2.3.3. Quantitative real-time reverse transcription PCR (qRT-PCR) assay

At 48 h after transfection, cells from 6-well plates were digested, and the total RNA was extracted using the TRIZOL reagent. Equal amounts of RNA were then reverse transcribed to cDNA following the manufacturer’s instructions (YESEN Technology, Shanghai, China). The expression of LIPG and miR-148a-3p in the samples was detected using quantitative real-time PCR (qPCR) in an ABI Step one Plus instrument (ABI, Foster City, CA, USA). The 18S and U6 genes were used as internal controls. qPCR was performed using the following conditions, 95 °C for 10 min, followed by 40 cycles of 95 °C for 15 s and 60 °C for 60 s. Then, the relative expression level of each mRNA was normalised to the expression level of the housekeeping genes using the 2−ΔΔCT method (Livak and Schmittgen Citation2001).

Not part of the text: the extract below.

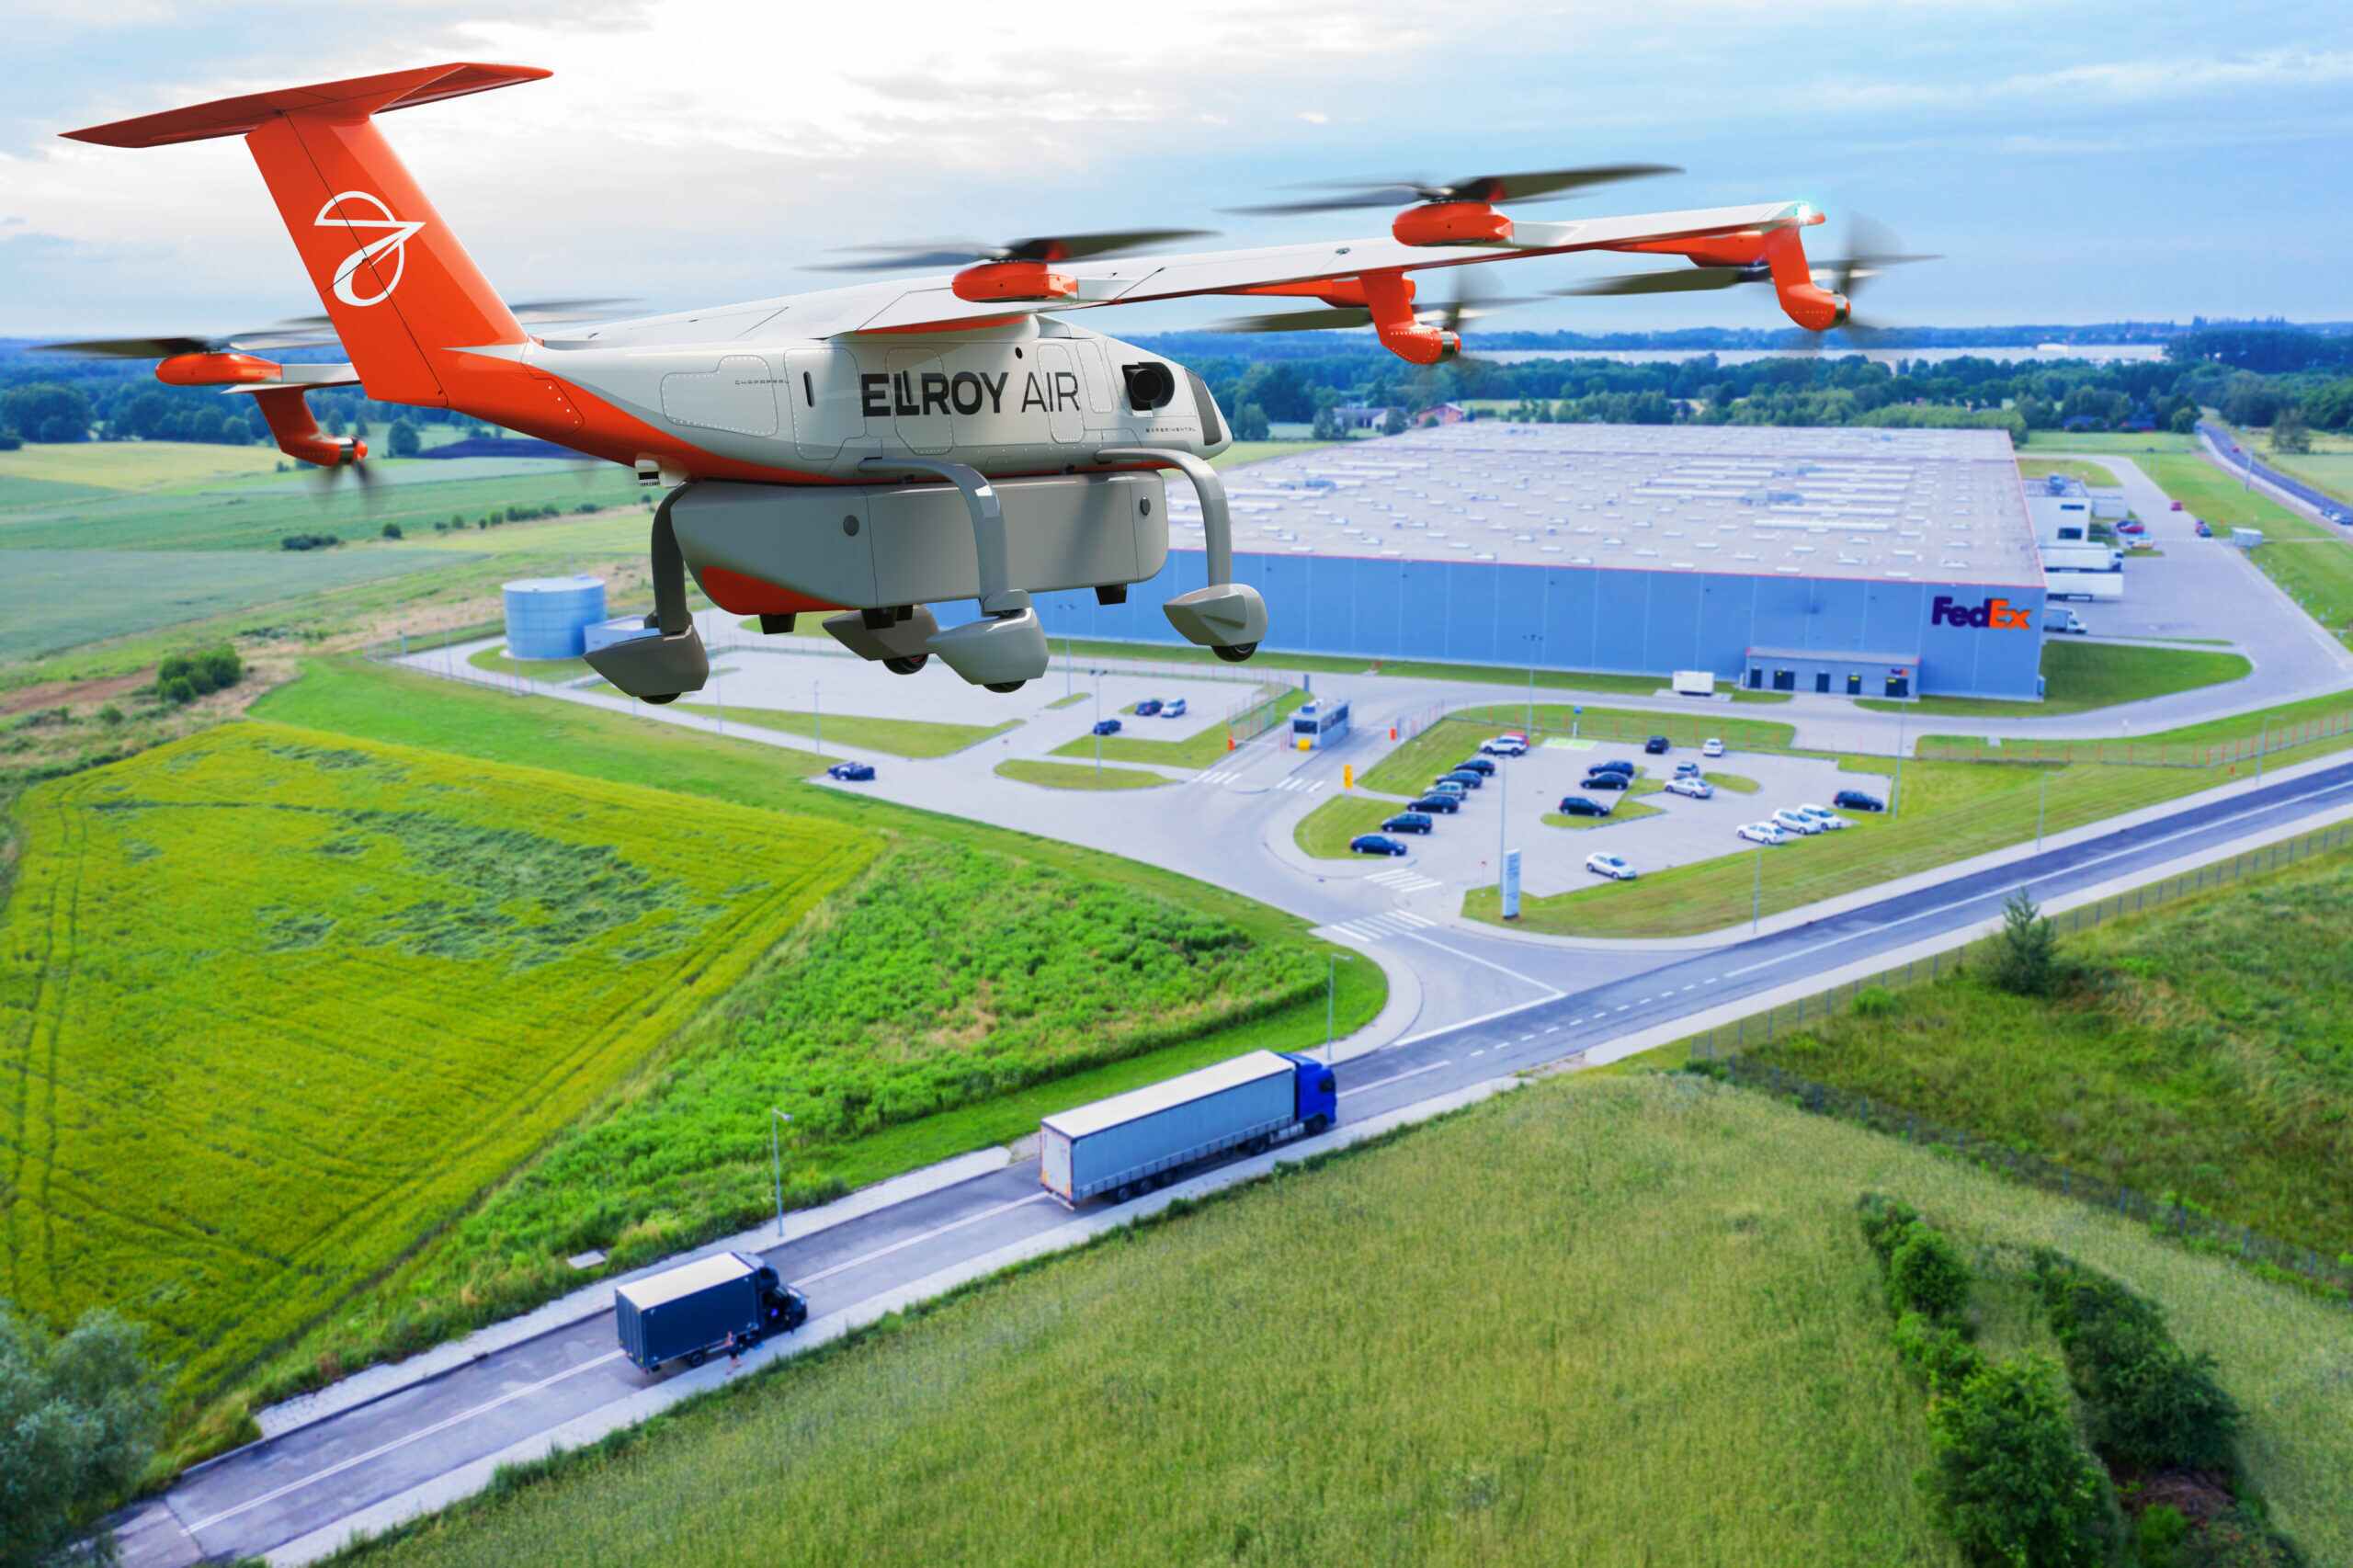 FedEx will test autonomous drone cargo delivery in 2023

2.3.4. Wound healing assay

CaSki and SiHa cells were counted, inoculated into 6-well plates, and cultured at 37 °C with 5% CO2 until they reached 70–80% confluence. A wound was then scraped perpendicular to the marked 6-well plate using a 200 µl pipette tip. The wound was observed and photographed under an inverted microscope immediately after wounding (time 0) and every 24 h for 2 days. Image J software was used to measure the migration area of the cells in each group.

2.3.5. 3-(4,5-Dimethylthiazol-2-yl)-2,5-diphenyltetrazolium bromide (MTT) assay

All cells were digested with trypsin, centrifuged, and seeded into a 96-well plate (CaSki: 3000 cells per well; SiHa: 2000 cells per well). Then, 20 µl of MTT solution (5 mg/ml) was added to each well at 0, 24, 48, and 72 h after transfection, and incubation was continued for at least 4 h. The culture medium was gently aspirated, and 150 µl of dimethyl sulfoxide (DMSO; Gibco) was added to each well. The OD value of each well was measured using a Bio-Tek Instrument (Bio-Tek, Winooski, VT, USA) at 490 nm.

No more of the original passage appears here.